Где дом родной? Изгнанье и любовь
есть матерьял поэзии. Тоскана
своих детей для вечности готовит,
в недобрый час их отправляет в путь,
а память – вспять к водам зеленым Арно,
к политике, отраде флорентийской,
и воздуху, какого нет нигде.

Флоренция, кого обратно ждешь –
он не придет в рубахе покаянной;
какая пядь кладбищенской земли
себе достойной дани не дождется,
кому поставишь новый кенотаф –
возврата нет, Флоренция, к тебе.

8

Есть некая в плененье авиньонском
скупая, нерастраченная нежность,
неяркий свет, неявная печаль,
наследная, пока живая память
о месте на земле своем, о том,
как можно будет всем туда вернуться.
Куда спешить? Успеем, все там будем.

9

Что Родина? Какая-то земля,
где, может быть, родился, жил, любил,
а может быть, проездом из чужбины
на новую чужбину оглянулся –
и дальше в путь, ни слуху чтоб ни духу.

Поэт безроден так, что вся земля
ему чужбина, родина, могила
и вся его.
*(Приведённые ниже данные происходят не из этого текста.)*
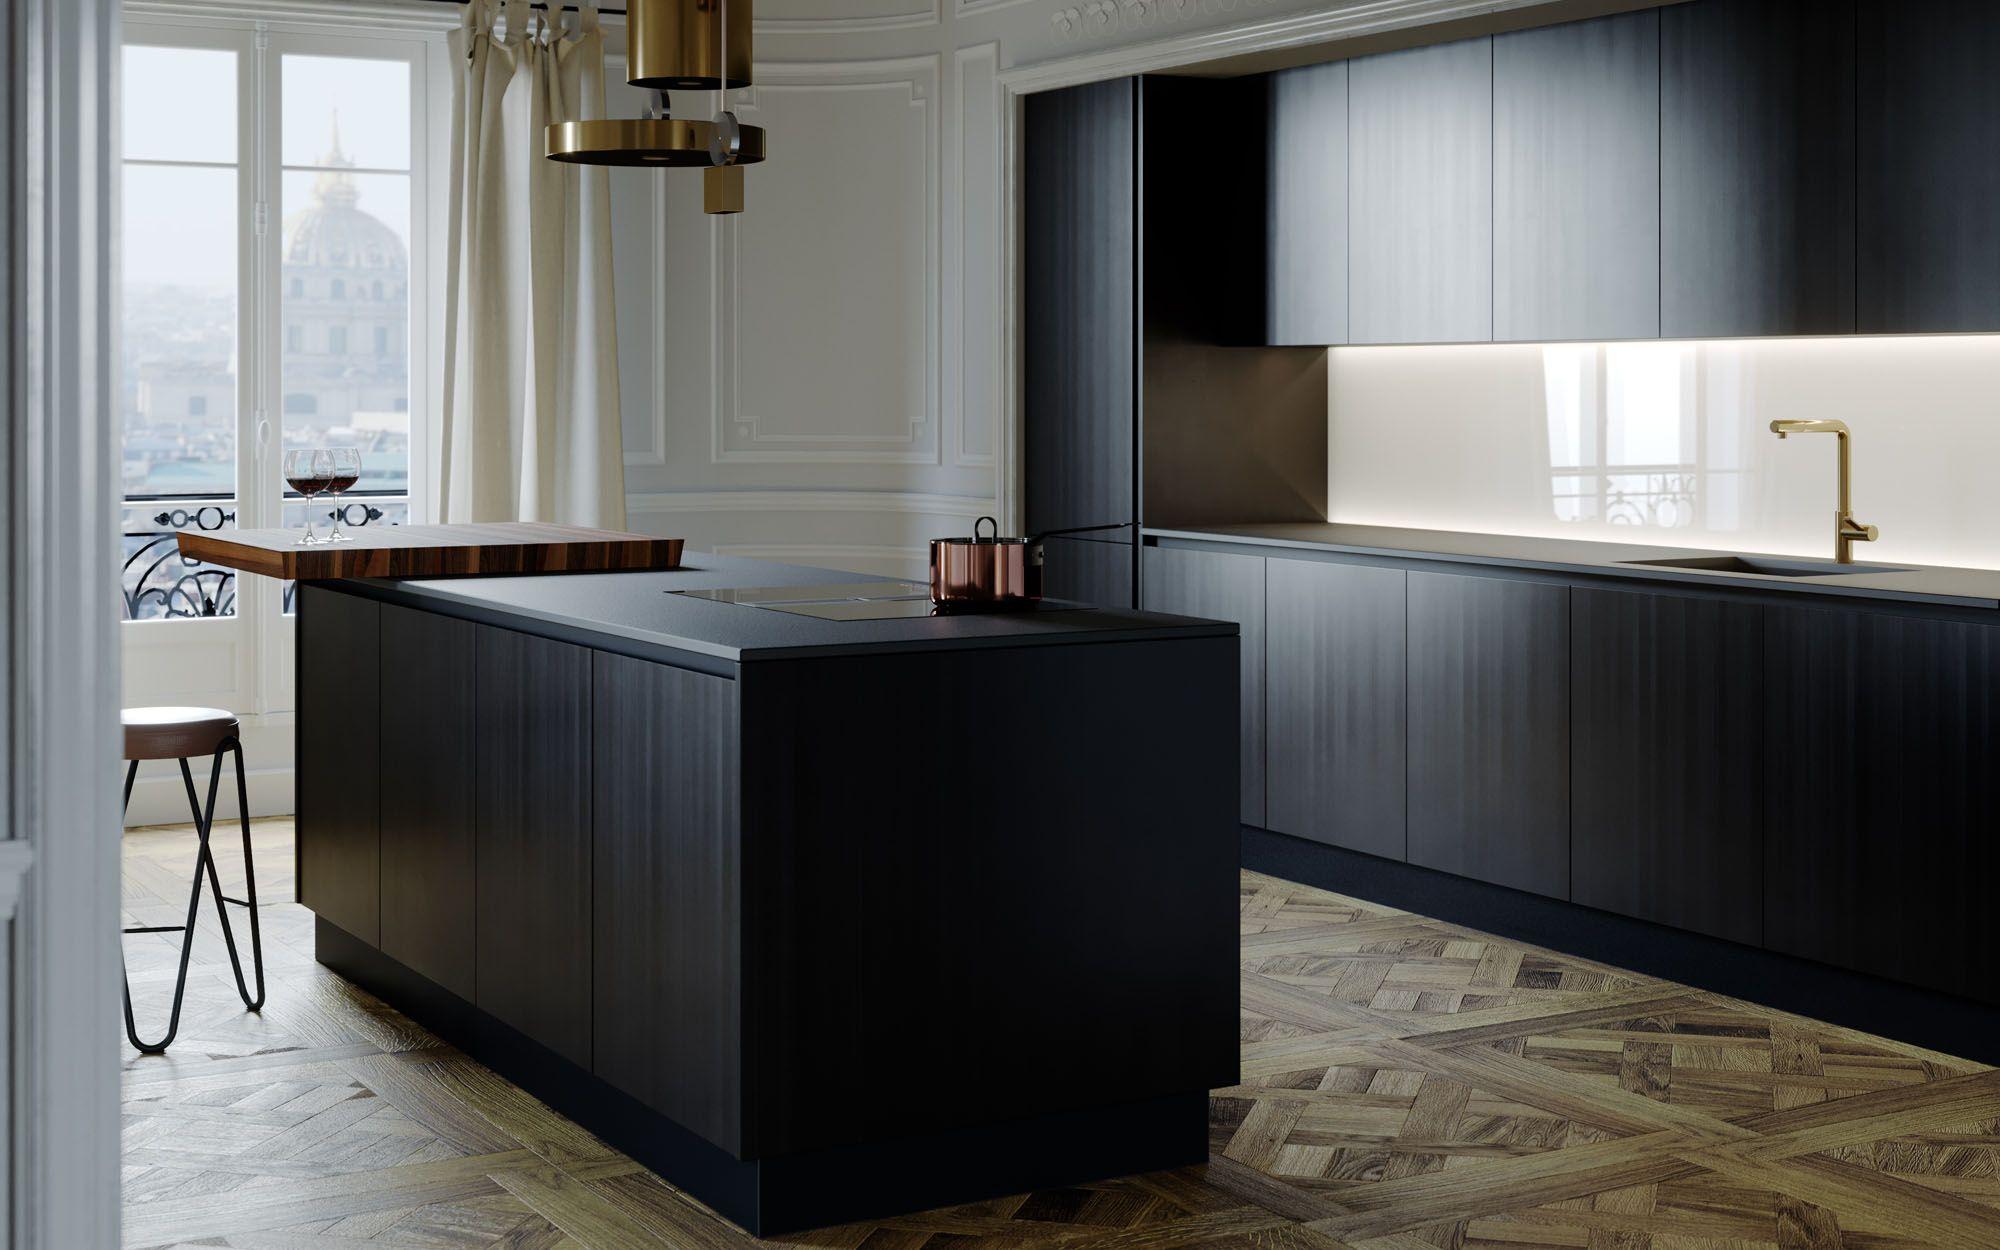 La cucina Essence Lux di Aurora Cucine - pennellato nero effetto ...
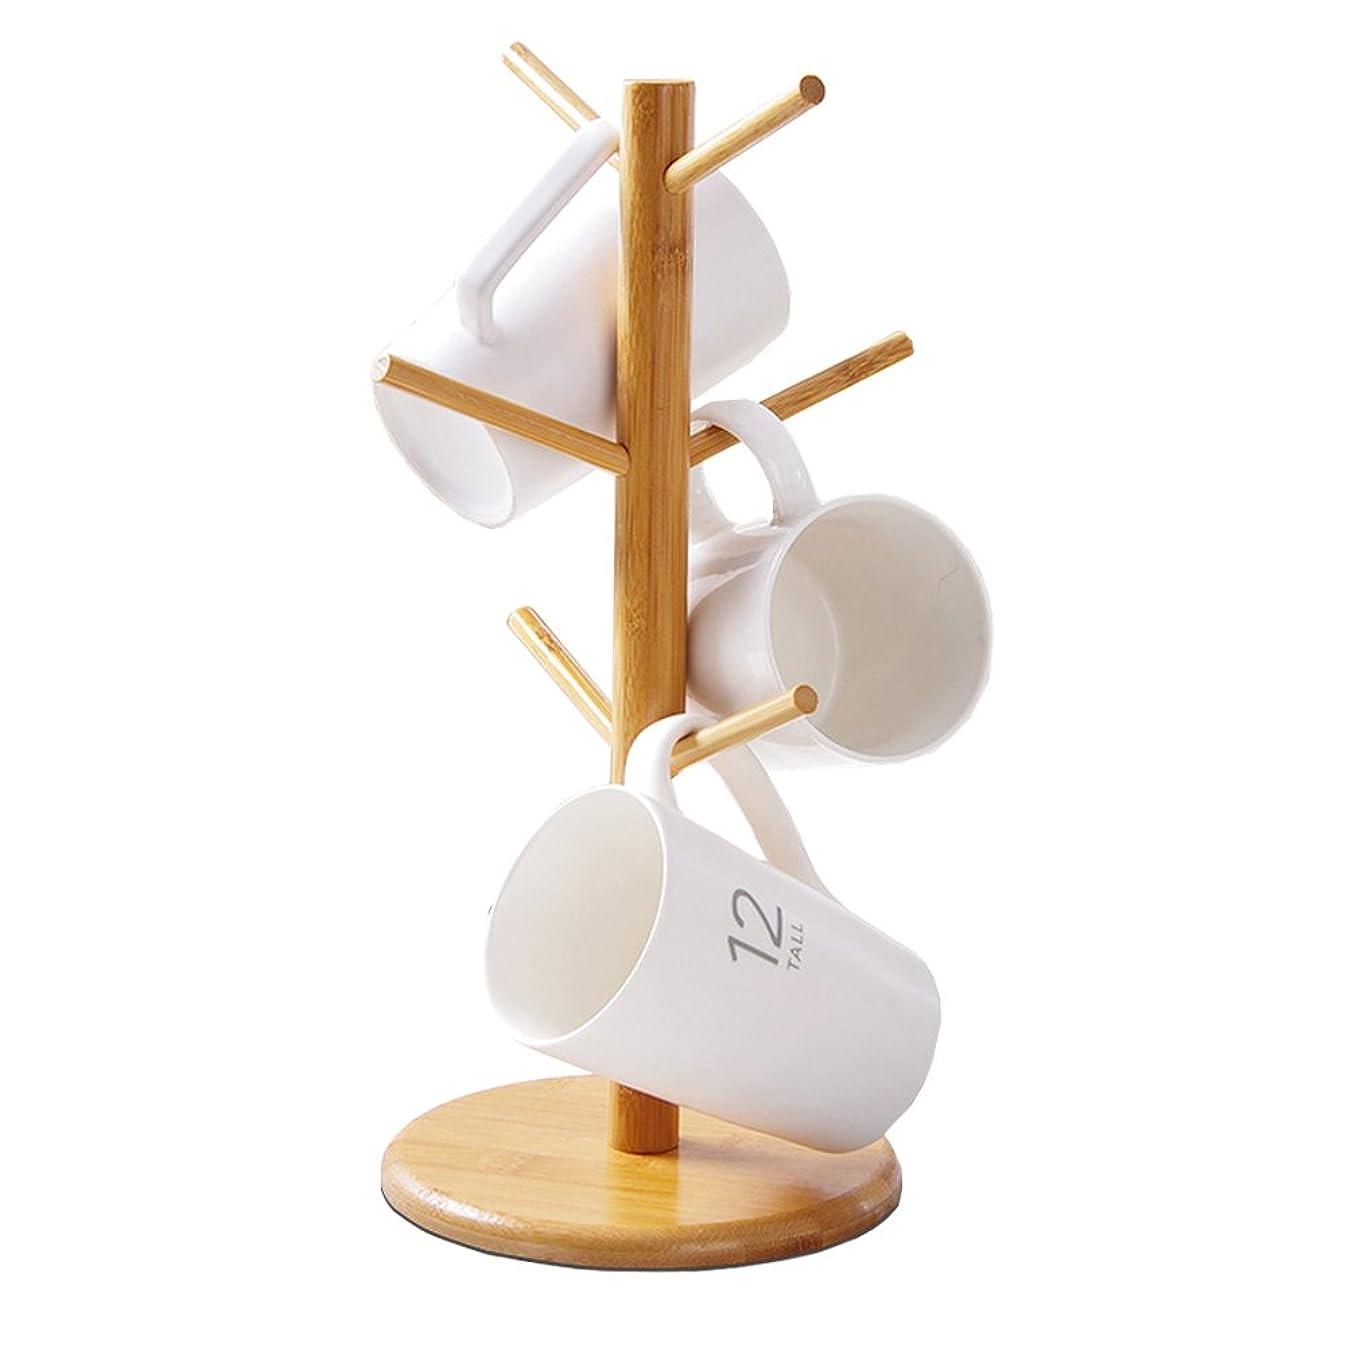 LifeCom Bamboo Mug Rack Tree, Organic Bamboo Mug Holder, Mug Hook,Mug Stand,Coffee Cup Dryer with 6 Hooks

Другие рубежи
определят дистанцию, другие,
подальше, расстоянья предстоят.

10

Покинутый своей судьбою Рим,
несчастный город, тронутый распадом
и обреченный времени. Ушли
на все четыре стороны, кто мог
уйти отсюда. Пусто. Хорошо.

Так вот какой окажешься, отчизна,
недобрая, нежданная. Нигде,
ничем с тобой не связан, кроме уз,
самим собой накинутых. Свобода
определяет выбор, этот город
всем Родина. Родившись черти где,
из времени сбегаешь и пространства
в исток, в начало вечности и места.

11

Поэзия – немного нужных слов,
расставленных в порядке. Осторожней
с поэзией, Господь ее храни,
со всей ее оснасткой: рифмой, формой –
запомненное ею остается,
и с каждой строчкой память тяжелеет.

А может, это – истина. Сказали
достаточно и лжи, и всякой правды,
к ним стали равнодушны, речь о том,
что прозою не скажешь никакою;
чуть слышный ритм не просто так навязан,
а может, он и есть та суть вещей,
которую нащупать, рассказать
пытались долго – и не удавалось,
бог знает как сегодня получилось.

12

Лаура, не понявший ничего,
живущий постоянною печалью
живет тобою. Темная стезя
выводит как-то к свету или славе.
Лаура умерла, и Рим далек,
и все не получается сегодня.

Я здесь умру за письменным столом,
перебирая наши, вспоминая
слова и строки. Смерть, повремени,
дождись хотя бы до конца страницы.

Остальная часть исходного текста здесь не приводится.